L’information aujourd’hui, c’est la France du fric qui impose silence à la France des pauvres. La dictature c’est encore la dictature du savoir et des spécialistes, c’est l’école coupée de la vie où l’on apprend aux opprimés que le savoir est dans les livres et à l’Université, et que ce n’est pas pour eux. C’est l’Université où l’on n’apprend rien, mais où l’on forme des chiens de garde de la bourgeoisie, c’est la voix unanime des soi-disant spécialistes, ingénieurs, politiciens, économistes,révisionnistes qui clament : tu ne sais rien, tu n’as droit à rien, travaille, tais-toi, on pense pour toi.

Regardez le mineur silicose étouffer à chaque pas, le travailleur à la chaîne sortir brisé de son usine, l’ouvrière du textile ou de la chimie, le visage et les mains rongés par les colorants et les acides,les poumons détruits, regardez les noirs qui crèvent de tuberculose à décharger vos ordures, regardez les bien, ils vont vous décharger leur fusil dans le ventre car ils n’ont que faire de vos larmes, de vos bons sentiments ; ils ne demandent pas qu’on les plaigne, ils se battent pour que ça change, leurs amis sont ceux qui les aident à se battre, leurs ennemis, ceux qui les maintiennent en esclavage ; et la révolte dit : « Vie chère, vie d’esclave, assez ! ».
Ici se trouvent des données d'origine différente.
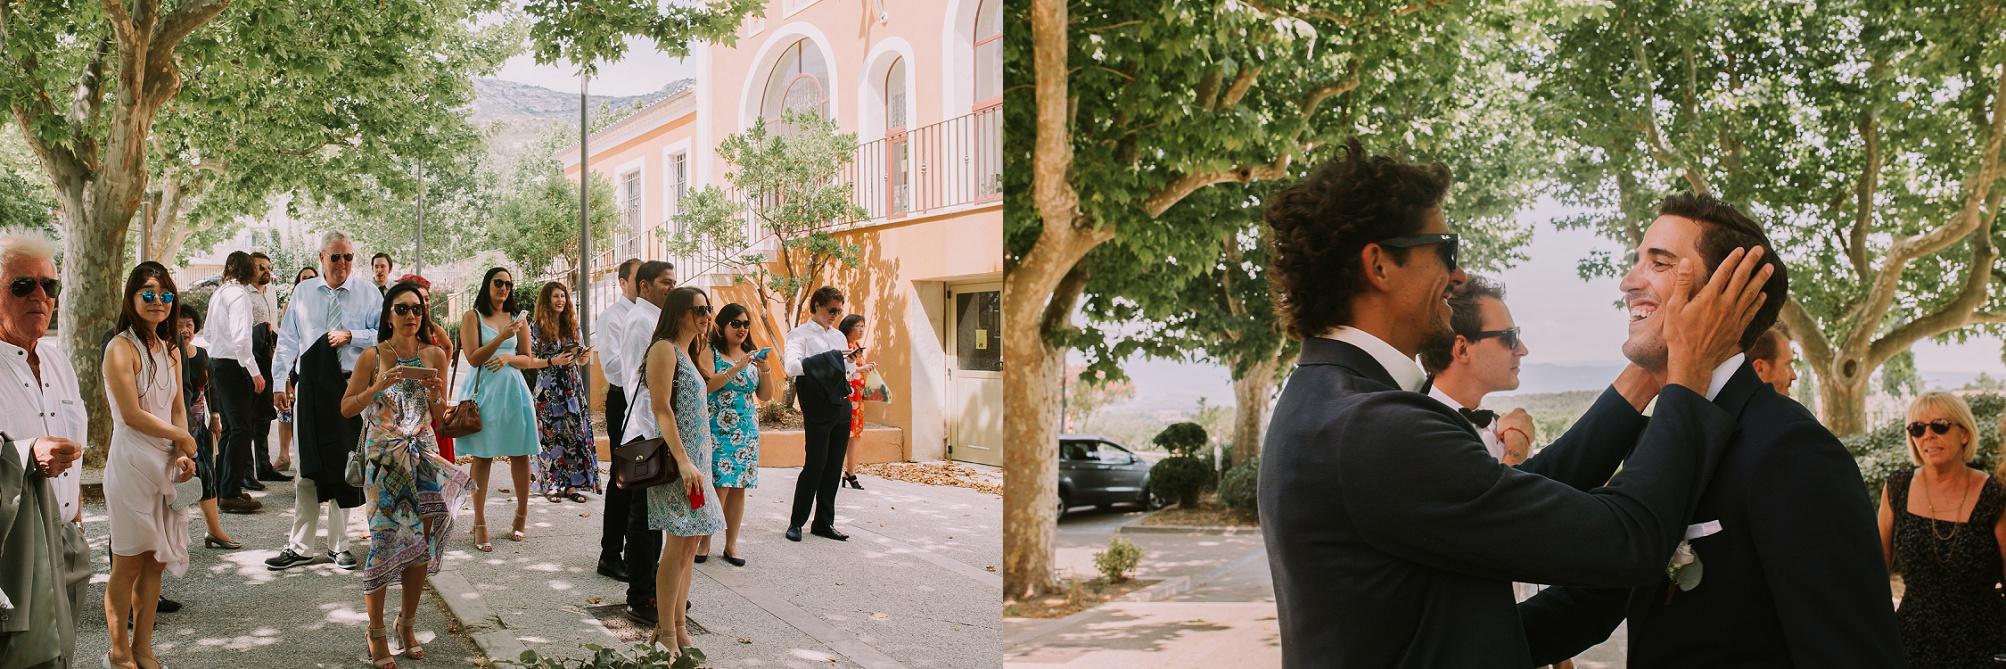 katerynaphotos-mariage-photographe-puyloubier-provence-aix-en-provence-sud-de-la-france_0345.jpg

L’exploitation des travailleurs se heurte à leur résistance car elle n’est pas séparable de l’oppression qu’ils imposent.Une lutte est pleine et victorieuse quand elle parvient à diminuer l’exploitation, à garantir des avantages concrets et matériels (amélioration des salaires, conditions de travail), dans le même temps qu’elle affaiblit l’appareil d’oppression. Une grève n’est pas pleinement victorieuse seulement parce qu’on a arraché 10 % d’augmentation, la question est de savoir si le pouvoir du patron en ressort affaibli, s’il pourra ou non relever la tête, si les travailleurs sont mieux armés pour entamer de nouvelles luttes ou bien au contraire s’ils sont désarmés et contraints à accepter que ce qu’ils viennent d’obtenir leur soit repris immédiatement.

Cela les travailleurs et autour d’eux de larges groupes de notre peuple l’ont compris ; il suffit pour s’en convaincre d’ouvrir les yeux sur les luttes qui déferlent depuis deux ans.Dans les usines rayonnent les initiatives ouvrières ; les plans gouvernementaux sont bousculés, parfois balayés ; les sabotages de la production et des cadences s’étendent massivement ; les séquestrations de patron ne se comptent plus ; les luttes pour faire
payer aux petits despotes leurs exactions sont la règle. Sont entraînés dans cette voie nouvelle les petits commerçants contestataires qui occupent la rue, s’en prennent aux grandes surfaces et aux perceptions.


Les actions de partisans des paysans font trembler les cumulards et les notables ; c’est la levée en masse contre la liquidation des petits par les gros, voulue et orchestrée par le Gouvernement.Dans la marine naissent des grèves, dans les casernes la bourgeoisie parvient difficilement à transformer les soldats en briseurs de grève et en futurs assassins du peuple, et jusque dans les prisons et dans les centres de redressement, gronde la révolte et se prépare la mutinerie.Quant au mouvement de la jeunesse il a retrempé sa vigueur à Nanterre en mars, à Grenoble en avril, le 27 mai à Paris ; plus de 50 actions victorieuses lui ont fait gagner la bataille de l’été chaud.


C’est Mai 1968 qui a permis d’ouvrir cette voie en même temps que les masses découvraient l’état de putréfaction du syndicalisme actuel, car jusqu’en Mai 1968, pour changer le vieux monde insupportable et en construire un nouveau à son image, notre peuple ne disposait que du syndicalisme et de son prolongement, le Parti Communiste Français.

Certes, des militants pouvaient être conscients du blocage systématique des luttes, de la faiblesse, de l’impuissance des méthodes de combat ; mais aussi longtemps qu’une autre voie n’était pas tracée, ils ne pouvaient que suivre en critiquant ou déchirer en pleurant leurs cartes confédérales en attendant que cela change.